Hi there,

I'm dealing with bacterial RNA-seq analysis. My experiment is very simple. Two samples to compare and no replicates. Reads were generated with Ion Torrent PGM using 316 chip. One for each sample and performed in different days.

Since I had too many differentially expressed genes, ¿Should I be more conservative assigning edgeR dispersion value? Also, there are considerable more up-regulated genes in exvivo than in plate sample.

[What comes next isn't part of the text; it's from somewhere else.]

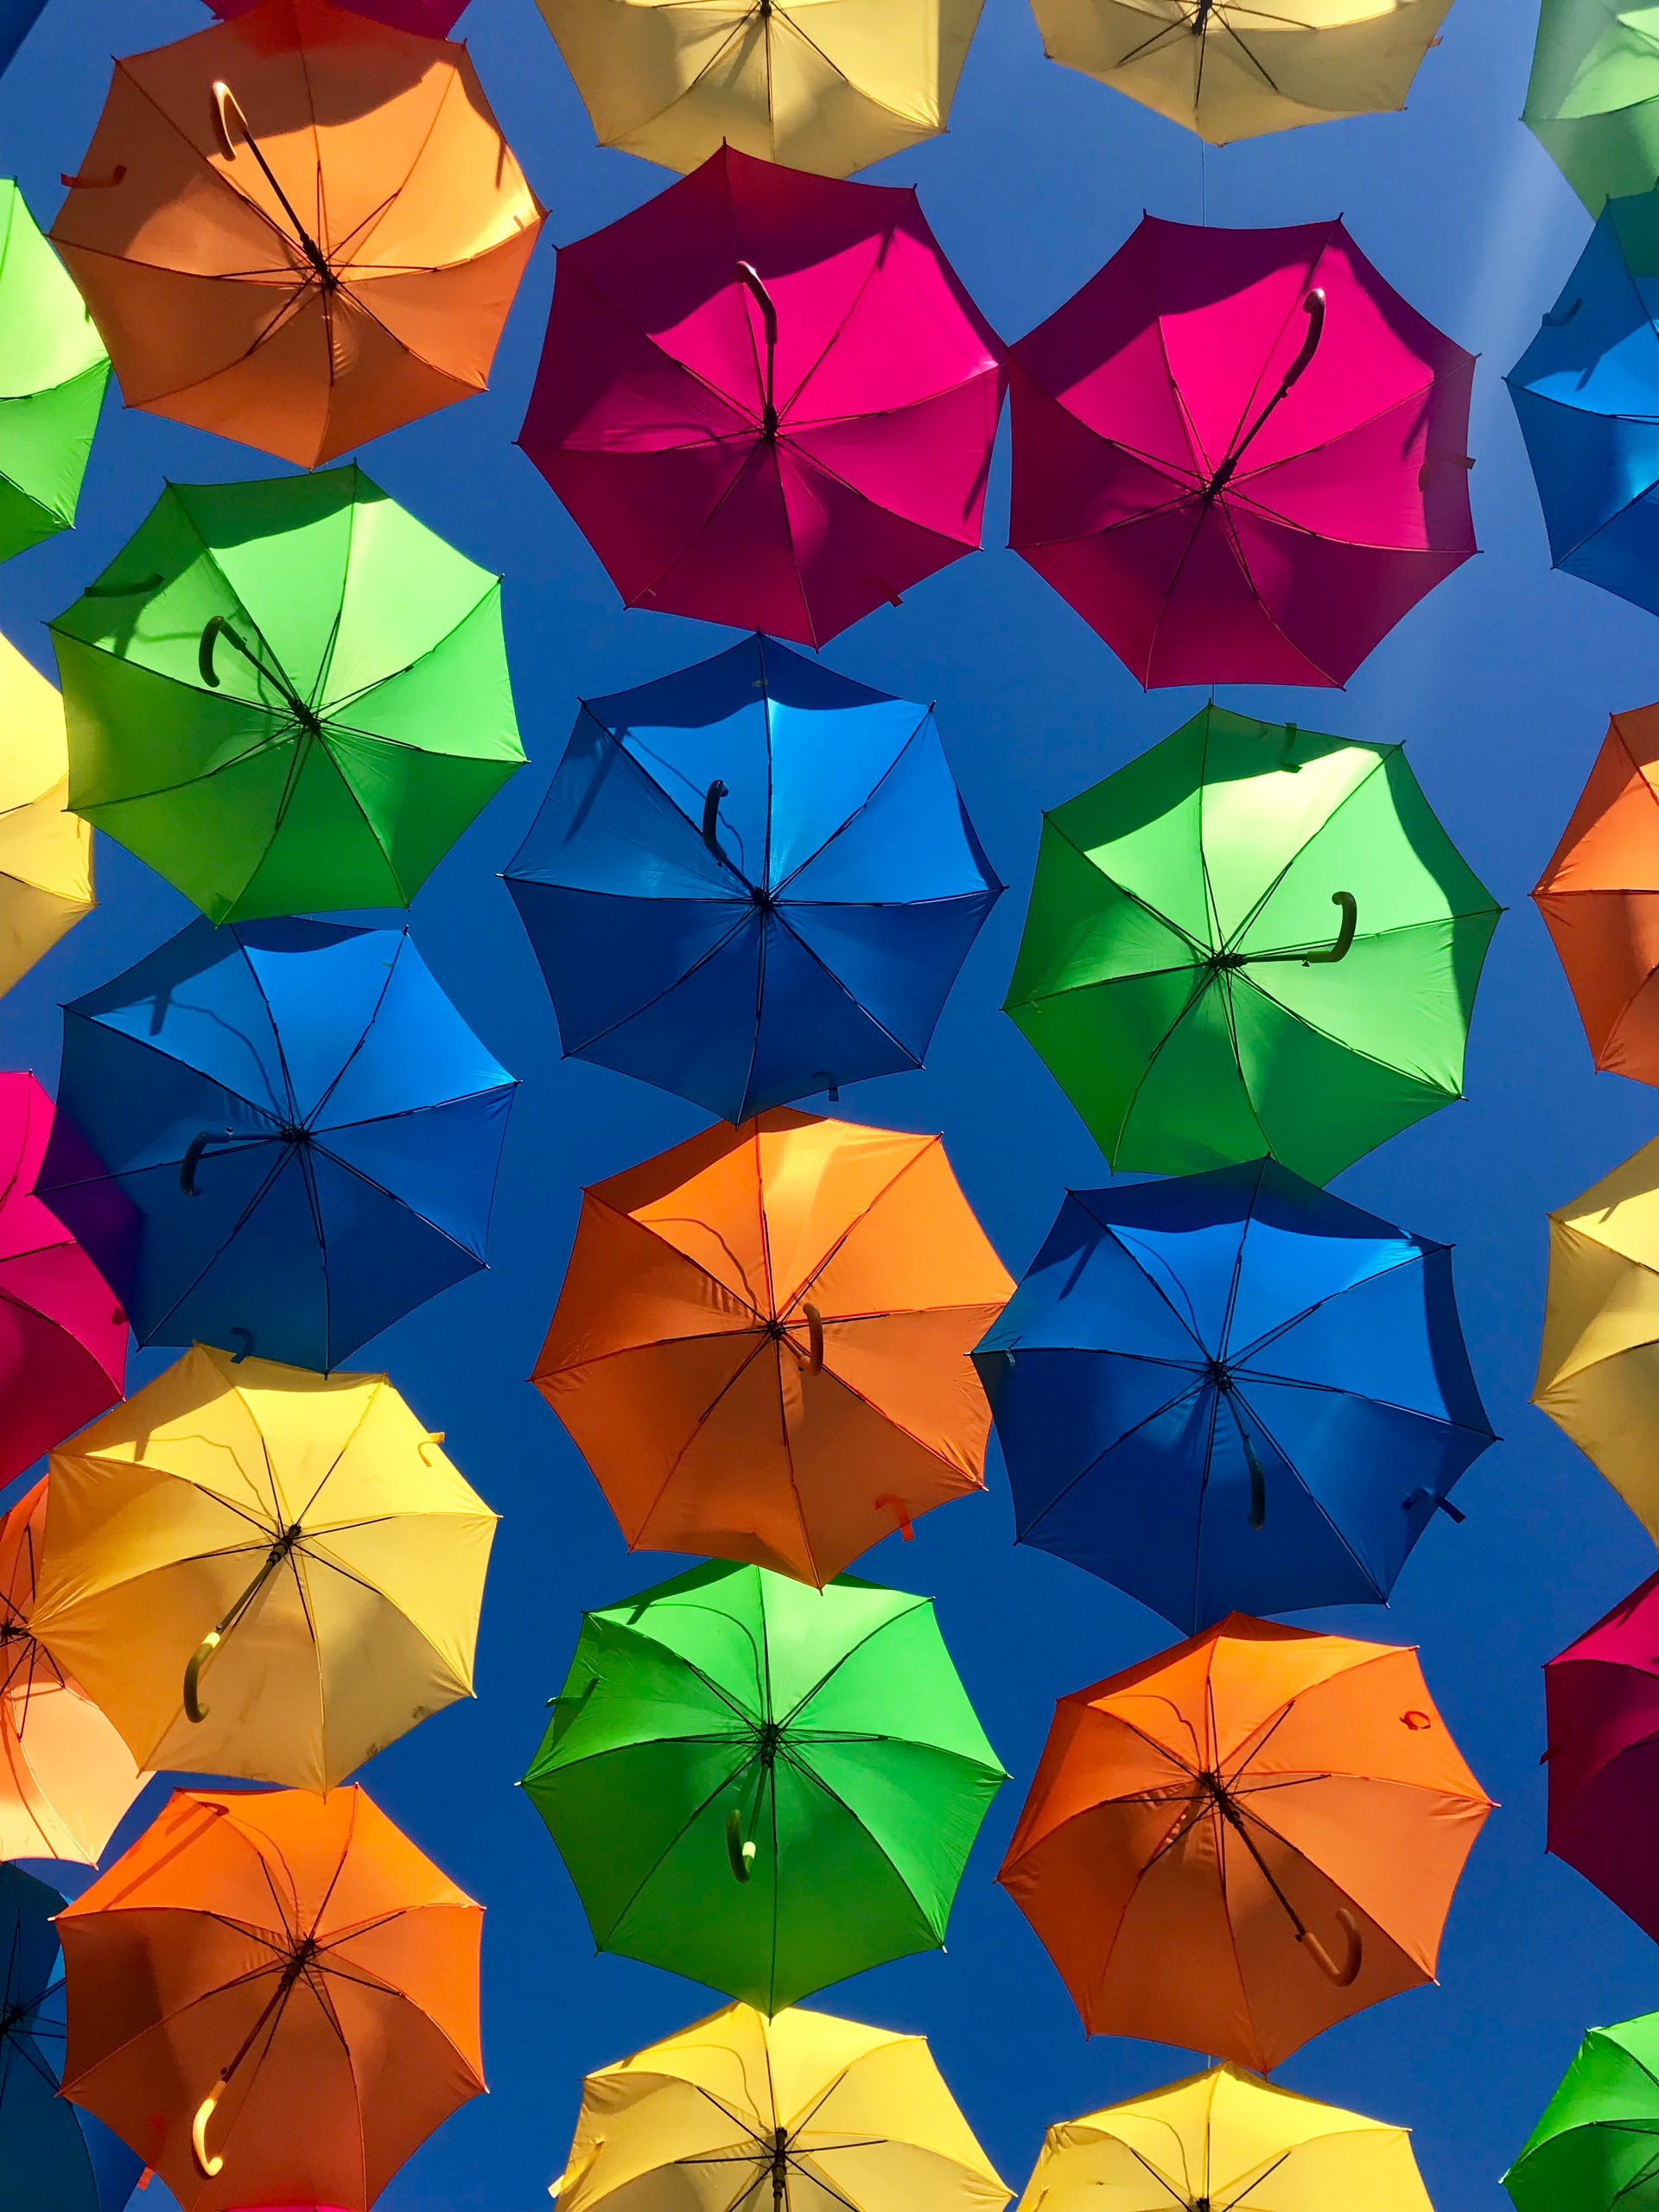 Verschiedenfarbige aufgespannte Regenschirme vor einem Hellblauen Hintergrund

See logFC_vs_logCPM figure:

https://docs.google.com/file/d/0B8-ZAuZe8jldY0Y5SWJSdXh1WGc/edit?usp=sharing

Thanks for you help, Bernardo

• tmap code:

tmap map2 -f HPNK_clean.fsa -r exvivo.fastq -i fastq -s exvivo.sam --verbose

tmap map2 -f HPNK_clean.fsa -r plate.fastq -i fastq -s plate.sam --verbose

• Flasgstat:

exvivo:

3240242 + 0 in total (QC-passed reads + QC-failed reads)

2132481 + 0 mapped (65.81%:nan%)

plate:

3774075 + 0 in total (QC-passed reads + QC-failed reads)

3510438 + 0 mapped (93.01%:nan%)

• count:

  python -m HTSeq.scripts.count -m intersection-nonempty -t CDS -i ID exvivo.sam HPNK.gff > exvivo.counts

  python -m HTSeq.scripts.count -m intersection-nonempty -t CDS -i ID plate.sam HPNK.gff > plate.counts

• count stats:

ex-vivo stats

no_feature 777946

ambiguous 1

too_low_aQual 0

not_aligned 1107761

alignment_not_unique 0

plate stats

no_feature 776707

ambiguous 47

too_low_aQual 0

not_aligned 263637

alignment_not_unique 0

• edgeR code:

library(edgeR)

files <- dir(pattern="*\.counts$")

RG <- readDGE(files, header=FALSE)

RG

keep <- rowSums(cpm(RG)>1) >= 2 #we keep genes that achieve at least one count per million (cpm) in at least three samples

RG <- RG[keep,]

dim(RG)

RG <- calcNormFactors(RG)

RG$samples

plotMDS(RG)

bcv <- 0.2 #Assigned dispersion value of 0.2

m <- as.matrix(RG)

d <- DGEList(counts=m, group=(1:2)) #modify 'group' depending on sample number. Also can be adapted to replicated samples, see'?DGEList'.

d

et <- exactTest(d, pair=(1:2),dispersion=bcv^2) #exactTest(RG, pair=(1:2),dispersion=bcv^2)

et

top <- topTags(et)

top

cpm(RG)[rownames(top), ] #Check the individual cpm values for the top genes:

summary(de <- decideTestsDGE(et)) #The total number of DE genes at 5% FDR is given by'decideTestsDGE'.

[,1]

-1 200

0 1176

1 769

Of the 'number' tags identified as DE, 769 are up-regulated ex-vivo and 200 are down-regulated.

detags <- rownames(RG)[as.logical(de)] #detags contains the DE genes at 5% FDR

plotSmear(et, de.tags=detags) #plot all genes and highlight DE genes at 5% FDR

abline(h=c(-1, 1), col="blue") #The blue lines indicate 2-fold changes.

title("plate vs ex-vivo")

dev.copy2pdf(file = "Figure_1.pdf") #Save as .pdf##

First, you simply need to do replicates. There is no way around this fact if you want a robust, reproducible result. That said, a gene list can be ranked by FDR, so you are free to choose an FDR of 0.0001 or 0.01, or 0.1 if you like to generate a list of reasonable size; 0.05 is not a magical value. If you choose not to do replicates, then plan on a lot of PCR to validate your findings.